JP2018185092A - Indoor equipment of air conditioner - Google Patents

Abstract

PROBLEM TO BE SOLVED: To provide indoor equipment of an air conditioner which can uniformize wind speed distribution of air passing through a heat exchanger.SOLUTION: Floor type indoor equipment 1 of an air conditioner includes: an air inlet 34 provided at a lower part of a cabinet 21; a blower 32 which blows the suctioned air to the downstream side; a heat exchanger 31 which conducts heat exchange with the blown air; an air outlet 35 which blows the air that has passed through the heat exchanger 31; a front panel 22 which is disposed at the front surface side of the heat exchanger 31 and serves as an exterior cover of the cabinet 21; and a heat insulation plate 36 which is disposed between the heat exchanger 31 and the front panel 22 and insulates heat between outer air and the interior of the cabinet 21. The heat insulation plate 36 includes: a lower surface protruding part 362 protruding to the front panel 22 side at the lower surface side; and an upper surface protruding part 363 protruding to the heat exchanger 31 side at the upper surface side.SELECTED DRAWING: Figure 2

Description

  The present invention relates to an indoor unit of an air conditioner.
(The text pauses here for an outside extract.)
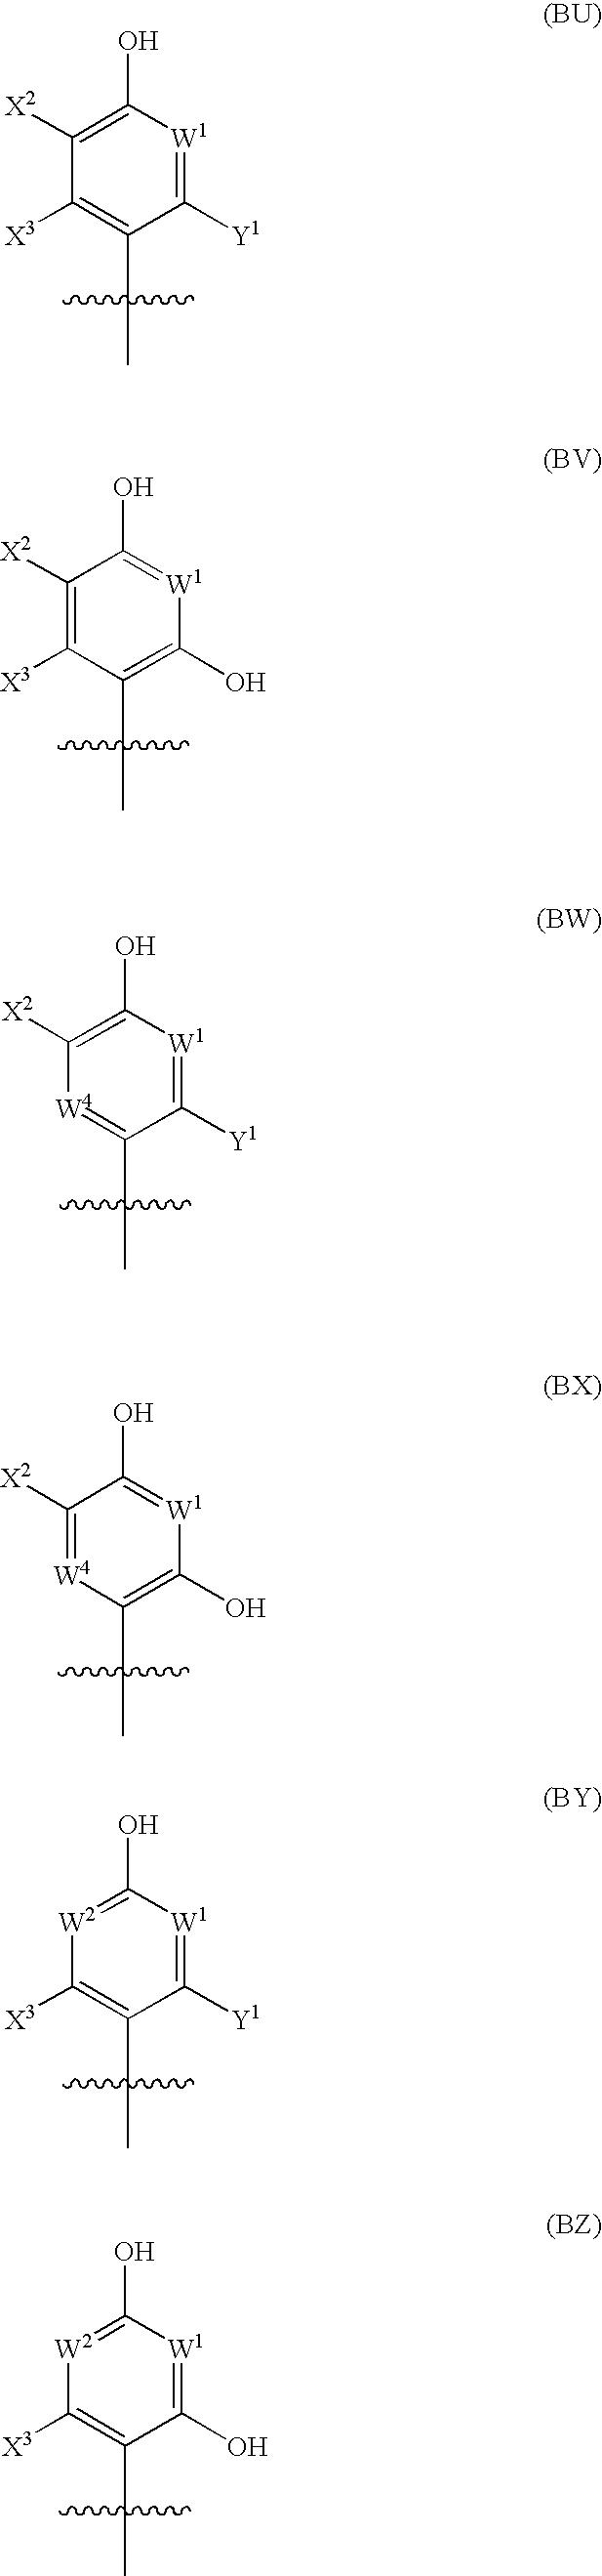 Figure US07608600-20091027-C00037

A floor-mounted indoor unit is known as an indoor unit of an air conditioner installed on a floor surface in a room. The floor-mounted indoor unit has a structure in which air is sucked in by a blower from a lower suction port of the casing, and after passing through a heat exchanger in the upper part of the blower, air is sent into the room from a blower outlet. In order to improve the capacity of floor-mounted indoor units, it is essential to improve the efficiency of heat exchangers. In order to make the most of the heat exchanger, it is desirable that the wind speed distribution hitting the heat exchanger is uniform.
Since the floor-mounted indoor unit is installed directly on the floor surface of the room, it is subject to restrictions on the size and design of the housing. Due to the size and design of the housing, it is difficult to secure a sufficient air flow path in the air flow path region, and the air speed distribution on the surface of the heat exchanger tends to be biased.

  Japanese Patent Application Laid-Open No. H10-227707 has a floor-standing type provided with a fluid guide wall that guides the wind flowing along the main body front vertical wall above the heat exchanger between the horizontal wind direction changing plate and the lower outlet on the main body front wall at the lower outlet. An air conditioner is described. The floor-mounted air conditioner described in Patent Literature 1 installs a rectifying plate (fluid guide wall) and induces a flow to the heat exchanger to improve the wind speed distribution.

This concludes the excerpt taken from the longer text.